I figured I'd ask this question, I have no idea what to do with myself these days. I'm only working now and then, so I really have a lot of time on my hands, and kind of going crazy. I end up thinking about things...mostly negative. 

So, how do others keep themselves busy? and that doesn't cost much money???


----------



## 827Aug (Apr 27, 2008)

Hang out and help family around the farm. Also, do arts/crafts and grow plants. There's plenty of pets that take up time. Oh, and then there's computer time.....
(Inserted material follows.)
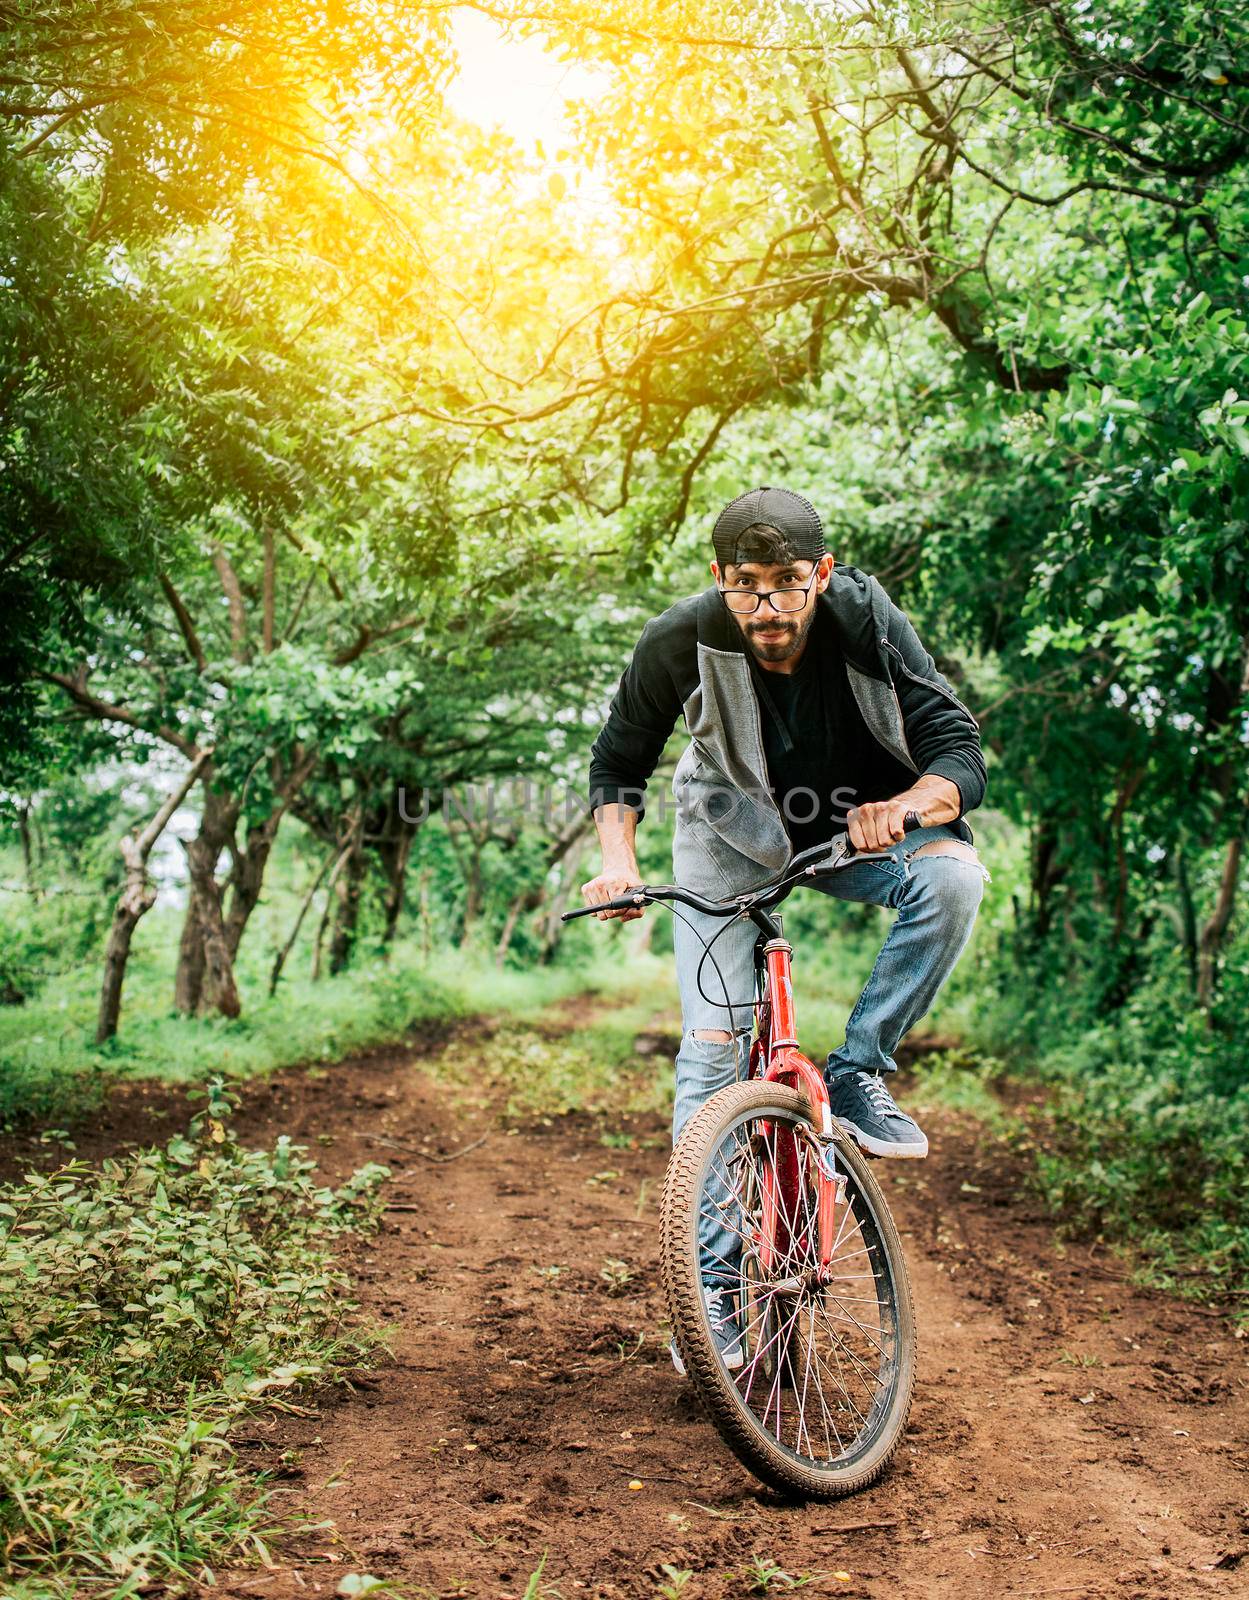 A guy riding a bike in the countryside, Person riding a bike in the countryside, Portrait of a guy in cap riding a bike on a country road, Bicyclist person on his bike on a country road forest.

I know what you mean about doing things on a "shoe string budget". That's what severely limits what I can do. Still I manage to stay BUSY. Hope you can as well.


----------



## Dollystanford (Mar 14, 2012)

I've made lots arrangements to see friends, particularly over the weekends. Plan to go swimming/gym more often, go to cinema with my daughter, studying for exams

just do things that I never did whilst I was sitting waiting for him to come home


----------



## Mamatomany (Jan 10, 2012)

Cleaning! Throwing away lots... My 20 yr old and I are cleaning attic today and garage tomorrow (or sooner!). Horrible way to spend spring break - but it's cheap and needs to be done plus we keep busy. 

We also have started new series on tv using hulu plus etc for our down times.


----------



## Almostrecovered (Jul 14, 2011)

working_together said:


> So, how do others keep themselves busy? and that doesn't cost much money???


my guess based on another thread is masturbating


----------



## Traggy (Jan 26, 2012)

P90X, Ping Pong, Reading the Bible, my daughter.


----------



## warlock07 (Oct 28, 2011)

Almostrecovered said:


> my guess based on another thread is masturbating


----------



## working_together (Oct 16, 2011)

Almostrecovered said:


> my guess based on another thread is masturbating


Gee thanks for bringing that personal info. over here..... 

It was a freakin' honest question, you have no idea how frustrating it is.....


----------



## working_together (Oct 16, 2011)

warlock07 said:


>


???


----------



## Almostrecovered (Jul 14, 2011)

geocaching

sounds nerdy but it's fun, even better with the kids


----------



## EleGirl (Dec 3, 2011)

warlock07 said:


>


Oh my what a face!


----------



## working_together (Oct 16, 2011)

I guess I do some sleeping, my little guy hasn't been feeling well, so I haven't had much sleep.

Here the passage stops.